Unlike Taken, where Liam Neeson’s character did everything according to his training, where the bad guys were really bad, and where tension kept rising with every passing minute, Blacklight is more like a TV drama. It wouldn’t be fair to say that Blacklight is nothing like Taken where a fitter, fiercer, and more ruthless Liam Neeson saved the day; here he is seen as an old paranoid man who takes it slow, which is as good as being dead in the line of business he is in. It takes a lot of time to ‘tick’ Neeson’s Block, and the way he gets his family back is more simple than brutal.
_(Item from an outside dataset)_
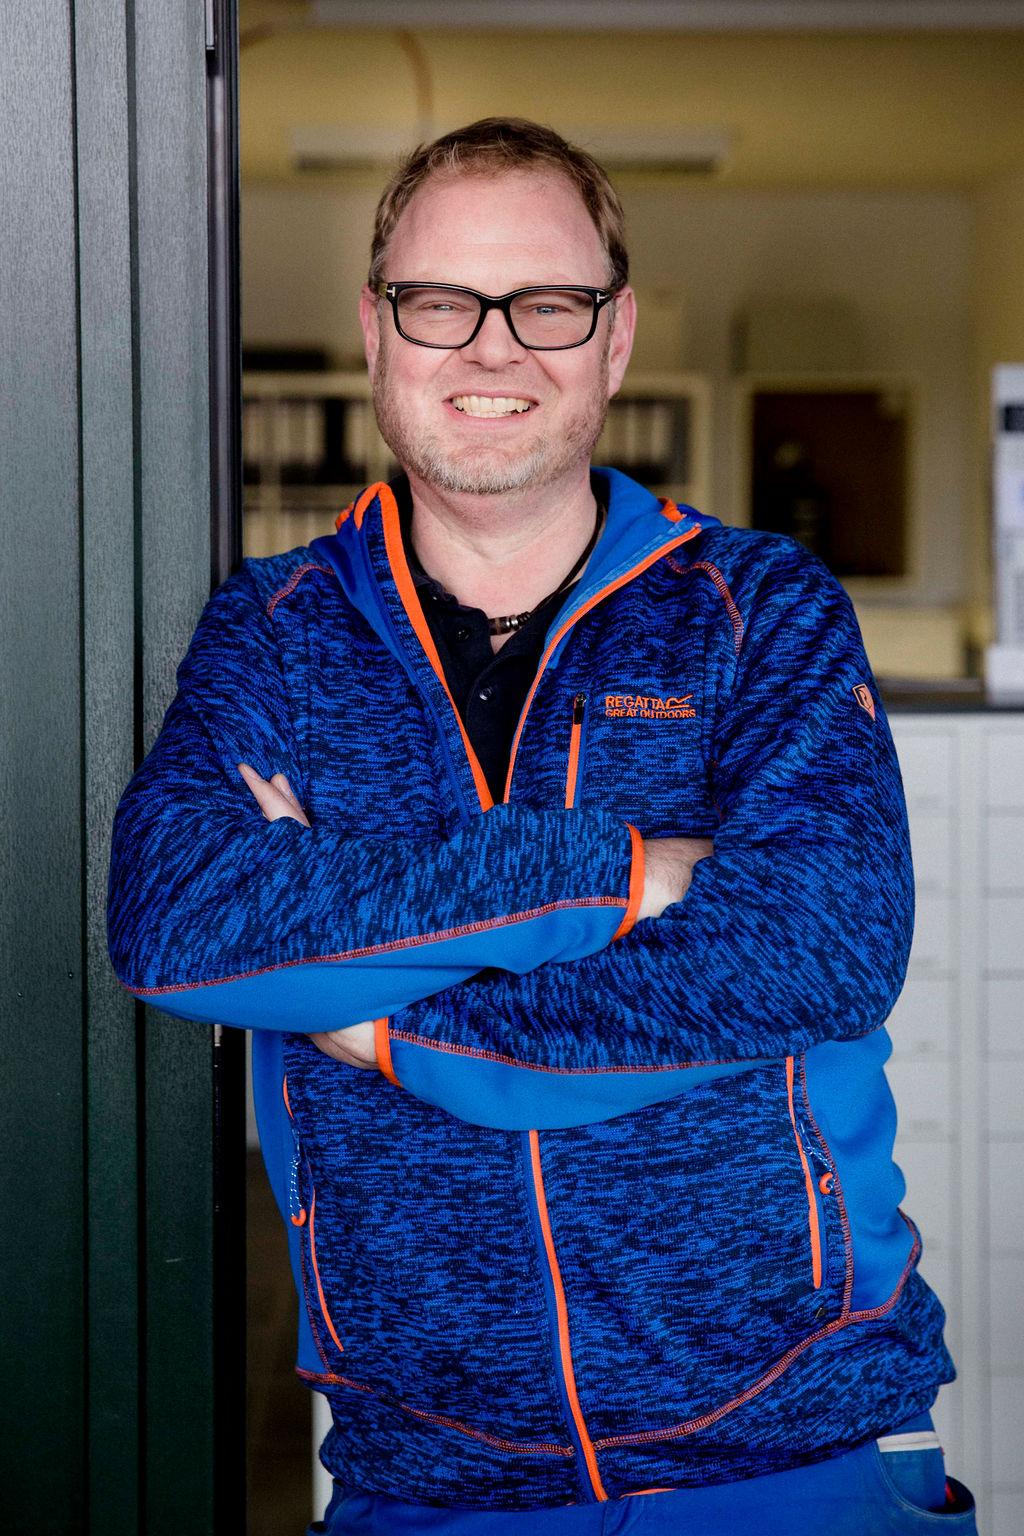 Markus Rommerskirchen

How he would have reacted had his character not been suffering from OCD, doesn’t seem to matter for the writers, for he would have done more or less the same thing. It seems his character was OCD when he wanted it, and not OCD when he didn’t want it, making it a funny quirk than a characteristic. The absence of security at the FBI director’s house, the simple robbery at such a high-profile person’s house, and how the horrific details of the crimes against US citizens were released to the public, was executed badly.
To watch Liam Neeson fight four men in a closed space is an insult to the veteran actor who could still take down fifty, given a good director. And if his family was being taken care of by the man, he believed to be the antagonist, then either that man wasn’t that bad, or Liam Neeson’s character was paranoid. Ever seen someone take care of the kidnapped people, who are held as leverage? Nope, neither have I.
No other character had more scenes than veteran Aidan Quinn who finally had a substantial role for a change. But then, he wasn’t playing a character; he was seemingly playing the reincarnation of J Edgar Hoover who used the FBI as his own personal killing machine. The deadly combination of Liam Neeson and Aidan Quinn would have been a hit in the Bullitt days but sadly that film came out more than fifty years back.
Yes, the chase sequences were well executed but they had nothing special; and if you watch the scene before the chase began, you would wish you hadn’t seen it for it’s so ‘childishly’ executed. With the standards of action flicks rising every passing day in this digital age, making a 70’s kind of film wouldn’t help a nearly 70-year-old Liam Neeson at all. He should either follow the Samuel L Jackson trajectory and work with a younger actor to lift his profile or do something unlike Liam Neeson to surprise all.
There was a fight scene in the movie where a younger Taylor John Smith mocks Liam Neeson’s character by saying ‘You’re slipping, losing your grip’, when in fact the audience must be telling that to the veteran actor. His shelf life as an action hero might be ending, and it would be better if he goes his way, instead of being booed away after another Taken-inspired venture. He shouldn’t prolong his seemingly endless run as an action hero and must try something different, otherwise, he will tarnish his own reputation as a diverse actor who was once nominated for an Oscar!